Only reason Quest 2 was 299 was because they were selling the device without profits. Quest 3 will be at least 399 and very likely 499.

 

Assume they can do eye tracking at 500-600$, it is definitely something they should go for instead of 400$ without eye tracking. If they can't do eye tracking without going all the way up to 700$ then fine, they can skip eye tracking

Cain_Bloodbane
Adventurer

I think they want to seem the Quest 3 price at or below $500. If eye tracking would make it cost even $525 I doubt they would go for it, and I also do not think we should expect the Quest 3 to be subsidized. Carmack talked about how the Quest and Quest 2 on average only got about 3 apps bought for them. The most popular apps on Quest 1 and 2 seems to be free apps like Rec Room and VRChat. Many probably also buy the Quest 2 only to be used for PCVR.

With that being the case, it ruins the whole idea behind subsidizing the headsets, which is part of why the prices got raised 100 USD for the Quest 2 devices. So I think with the Quest 3 we will also see a 400 and a 500 USD version, but Mark said we should expect its price to be 300-500. So I guess they might still aim for a 300 USD Quest 3.
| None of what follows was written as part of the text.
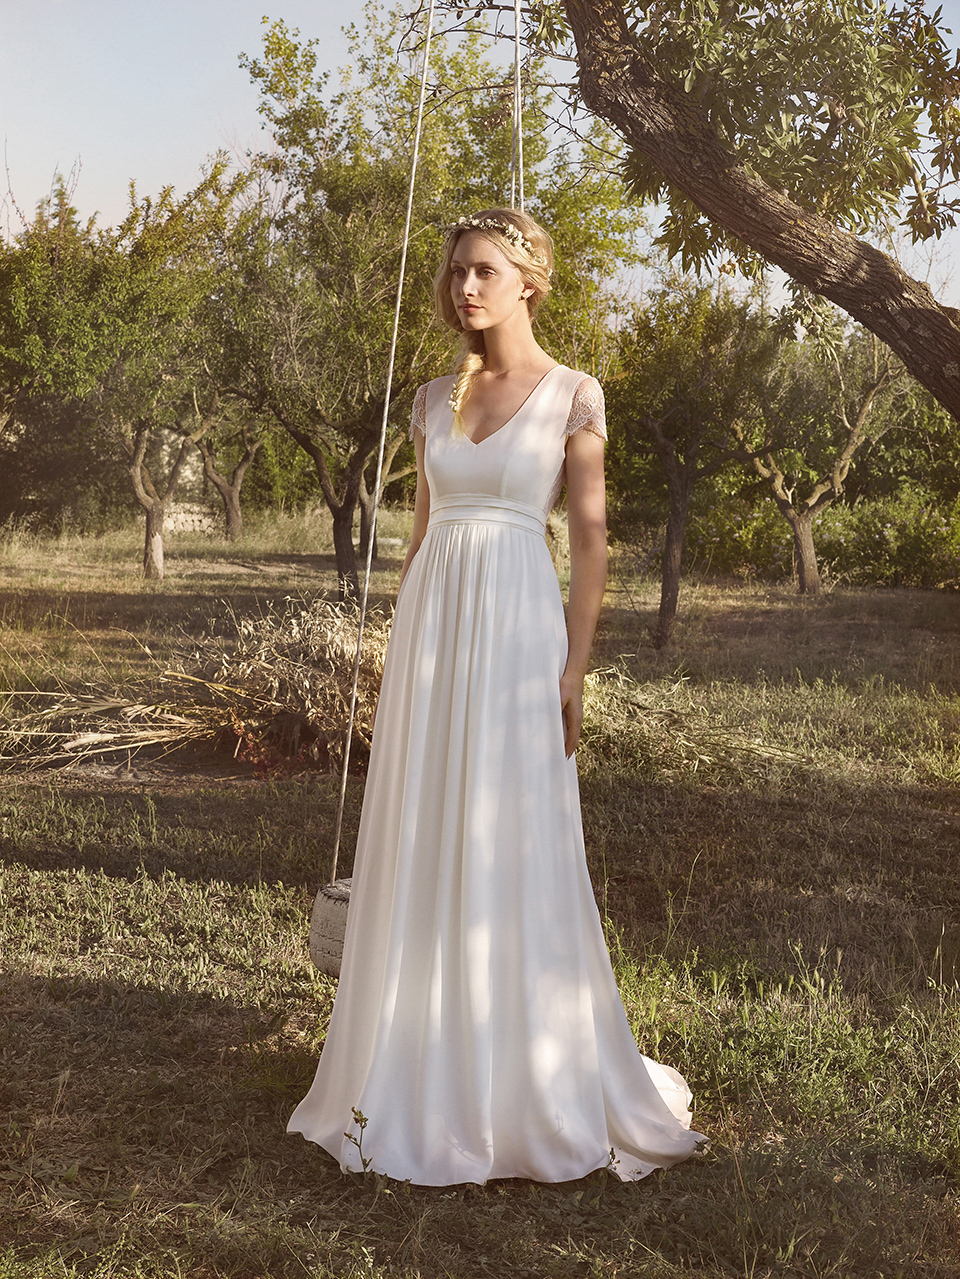 Rembo Styling - bohemian, elegant and fashion forward wedding gowns, visit rembo-styling.com.

As I already mentioned in several posts, I doubt they will be able to include eye tracking and keep its price below 500 USD. Especially without subsidizing it. But they are trying to find a way to include eye-tracking, because the benefits of foveated rendering can be pretty big, and I think especially if they can end up being able to apply dynamic foveated rendering to everything because of it being a standard in the Quest 3. If it remains a "high end only" thing, I do not think it will get nearly the same focus to add dynamic foveated rendering to everything, because they might as well instead focus their time on optimizing for everything without foveated rendering. That might be the case either way as some will decide not to enable it, and it should maybe not be something Meta should expect users to enable by default.

Navhkrin
Honored Guest

Snapdragon made the announcement for AR2 recently, which is a new version of their AR chipset designed for ultra-compact AR glasses. And guess what? Even that little 1 watt power processor is now coming with eye tracking sub-processor included! This all but guarantees they will feature dedicated eye tracking circuit in XR2 Gen2.

All that remains now is for facebook to include appropriately placed camera's for eyes and they will have eye tracking without having to worry about putting another chip into the headset.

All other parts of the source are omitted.